Exercise objective = Locate the word "Black" in the data below, then copy every line that holds it.

■ ■ ■ ■ ■ ■ ■

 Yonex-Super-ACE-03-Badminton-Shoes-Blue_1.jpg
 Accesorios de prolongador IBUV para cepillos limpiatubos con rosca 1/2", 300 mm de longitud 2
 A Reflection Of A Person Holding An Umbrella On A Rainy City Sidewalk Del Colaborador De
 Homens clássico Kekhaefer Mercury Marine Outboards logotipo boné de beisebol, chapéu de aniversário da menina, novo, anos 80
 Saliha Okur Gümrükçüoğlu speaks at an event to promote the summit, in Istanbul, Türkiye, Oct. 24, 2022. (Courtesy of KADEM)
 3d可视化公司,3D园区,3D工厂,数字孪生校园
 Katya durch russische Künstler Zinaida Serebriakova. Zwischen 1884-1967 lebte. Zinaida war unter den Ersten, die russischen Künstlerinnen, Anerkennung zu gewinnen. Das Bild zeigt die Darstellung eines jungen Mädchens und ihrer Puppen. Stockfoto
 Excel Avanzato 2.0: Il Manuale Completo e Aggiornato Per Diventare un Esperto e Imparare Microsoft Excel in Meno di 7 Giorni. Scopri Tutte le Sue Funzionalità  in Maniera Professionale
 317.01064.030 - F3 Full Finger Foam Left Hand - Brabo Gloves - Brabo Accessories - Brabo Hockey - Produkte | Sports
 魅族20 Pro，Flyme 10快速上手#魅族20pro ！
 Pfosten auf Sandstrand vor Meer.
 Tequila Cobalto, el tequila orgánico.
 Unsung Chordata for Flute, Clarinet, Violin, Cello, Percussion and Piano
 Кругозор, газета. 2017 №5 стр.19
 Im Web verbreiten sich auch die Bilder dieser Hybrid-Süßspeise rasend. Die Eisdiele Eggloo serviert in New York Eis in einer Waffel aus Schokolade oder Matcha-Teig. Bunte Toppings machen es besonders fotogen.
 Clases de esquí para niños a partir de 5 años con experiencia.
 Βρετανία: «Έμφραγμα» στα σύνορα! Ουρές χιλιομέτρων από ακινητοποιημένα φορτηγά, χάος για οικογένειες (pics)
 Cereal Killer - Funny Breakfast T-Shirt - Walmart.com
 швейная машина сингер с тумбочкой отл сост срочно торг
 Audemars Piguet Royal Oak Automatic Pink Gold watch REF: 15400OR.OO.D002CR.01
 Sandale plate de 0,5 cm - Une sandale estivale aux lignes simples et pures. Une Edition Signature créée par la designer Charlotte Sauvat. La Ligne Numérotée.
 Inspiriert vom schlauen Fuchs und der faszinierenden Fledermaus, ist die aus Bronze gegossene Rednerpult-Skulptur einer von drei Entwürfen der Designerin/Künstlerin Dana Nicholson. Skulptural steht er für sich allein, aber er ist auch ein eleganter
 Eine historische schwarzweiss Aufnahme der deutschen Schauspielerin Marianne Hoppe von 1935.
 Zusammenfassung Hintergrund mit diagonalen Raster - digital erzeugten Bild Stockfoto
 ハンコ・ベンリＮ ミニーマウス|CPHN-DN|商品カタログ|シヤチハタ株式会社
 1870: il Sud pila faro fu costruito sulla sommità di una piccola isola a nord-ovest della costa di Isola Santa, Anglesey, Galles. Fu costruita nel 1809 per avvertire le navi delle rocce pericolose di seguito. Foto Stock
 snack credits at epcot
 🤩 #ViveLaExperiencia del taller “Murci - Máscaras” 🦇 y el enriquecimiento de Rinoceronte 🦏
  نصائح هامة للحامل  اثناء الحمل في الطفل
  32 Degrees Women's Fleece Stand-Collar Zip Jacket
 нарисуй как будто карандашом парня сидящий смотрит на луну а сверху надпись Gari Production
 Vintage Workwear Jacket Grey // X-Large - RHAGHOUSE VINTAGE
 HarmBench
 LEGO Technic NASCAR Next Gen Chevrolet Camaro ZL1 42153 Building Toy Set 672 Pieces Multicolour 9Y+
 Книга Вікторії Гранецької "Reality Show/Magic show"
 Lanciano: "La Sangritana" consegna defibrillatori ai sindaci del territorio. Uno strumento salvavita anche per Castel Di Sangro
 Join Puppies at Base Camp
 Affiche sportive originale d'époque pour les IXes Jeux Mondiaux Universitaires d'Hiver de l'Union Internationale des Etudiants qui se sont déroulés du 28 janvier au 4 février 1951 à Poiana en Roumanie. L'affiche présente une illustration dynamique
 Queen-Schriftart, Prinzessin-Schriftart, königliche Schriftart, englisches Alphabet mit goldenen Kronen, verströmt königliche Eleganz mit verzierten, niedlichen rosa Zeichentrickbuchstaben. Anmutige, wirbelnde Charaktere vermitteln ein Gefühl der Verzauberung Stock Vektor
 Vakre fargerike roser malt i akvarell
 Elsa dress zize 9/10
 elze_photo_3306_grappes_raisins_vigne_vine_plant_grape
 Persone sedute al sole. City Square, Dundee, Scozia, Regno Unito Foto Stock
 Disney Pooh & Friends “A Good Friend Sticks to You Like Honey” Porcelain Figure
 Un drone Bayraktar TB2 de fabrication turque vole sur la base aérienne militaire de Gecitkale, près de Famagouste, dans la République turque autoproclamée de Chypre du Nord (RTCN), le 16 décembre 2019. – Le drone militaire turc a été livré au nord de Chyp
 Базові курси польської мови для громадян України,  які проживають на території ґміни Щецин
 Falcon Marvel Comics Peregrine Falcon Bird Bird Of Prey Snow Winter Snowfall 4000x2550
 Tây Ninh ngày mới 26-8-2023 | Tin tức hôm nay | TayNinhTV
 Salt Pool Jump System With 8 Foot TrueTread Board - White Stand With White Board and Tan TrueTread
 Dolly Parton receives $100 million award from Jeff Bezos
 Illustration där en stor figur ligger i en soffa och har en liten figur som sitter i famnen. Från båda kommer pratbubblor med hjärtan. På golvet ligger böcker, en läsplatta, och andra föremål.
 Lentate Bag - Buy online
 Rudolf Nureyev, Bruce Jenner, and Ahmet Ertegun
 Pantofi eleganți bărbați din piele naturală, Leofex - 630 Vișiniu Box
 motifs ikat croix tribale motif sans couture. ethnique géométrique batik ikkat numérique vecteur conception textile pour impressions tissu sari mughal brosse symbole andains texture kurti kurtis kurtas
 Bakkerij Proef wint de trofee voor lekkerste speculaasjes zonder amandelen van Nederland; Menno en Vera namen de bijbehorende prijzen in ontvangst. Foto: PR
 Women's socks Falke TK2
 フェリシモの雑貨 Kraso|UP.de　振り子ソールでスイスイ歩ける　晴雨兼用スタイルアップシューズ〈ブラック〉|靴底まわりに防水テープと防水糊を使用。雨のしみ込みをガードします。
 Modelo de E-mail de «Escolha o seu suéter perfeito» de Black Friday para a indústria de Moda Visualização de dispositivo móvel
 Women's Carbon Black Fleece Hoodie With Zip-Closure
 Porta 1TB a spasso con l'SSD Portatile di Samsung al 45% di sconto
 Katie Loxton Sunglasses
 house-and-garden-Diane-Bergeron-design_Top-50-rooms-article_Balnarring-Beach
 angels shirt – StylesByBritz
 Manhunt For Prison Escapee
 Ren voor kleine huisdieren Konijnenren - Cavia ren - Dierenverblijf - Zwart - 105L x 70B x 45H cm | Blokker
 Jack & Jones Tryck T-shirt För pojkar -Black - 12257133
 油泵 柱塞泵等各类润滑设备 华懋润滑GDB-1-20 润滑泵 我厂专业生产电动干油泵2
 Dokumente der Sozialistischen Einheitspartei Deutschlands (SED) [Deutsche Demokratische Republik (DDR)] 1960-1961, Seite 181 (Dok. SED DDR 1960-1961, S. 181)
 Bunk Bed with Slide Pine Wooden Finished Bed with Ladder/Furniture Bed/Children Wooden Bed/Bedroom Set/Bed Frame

■ ■ ■ ■ ■ ■ ■

Final answer =
 Modelo de E-mail de «Escolha o seu suéter perfeito» de Black Friday para a indústria de Moda Visualização de dispositivo móvel
 Women's Carbon Black Fleece Hoodie With Zip-Closure
 Jack & Jones Tryck T-shirt För pojkar -Black - 12257133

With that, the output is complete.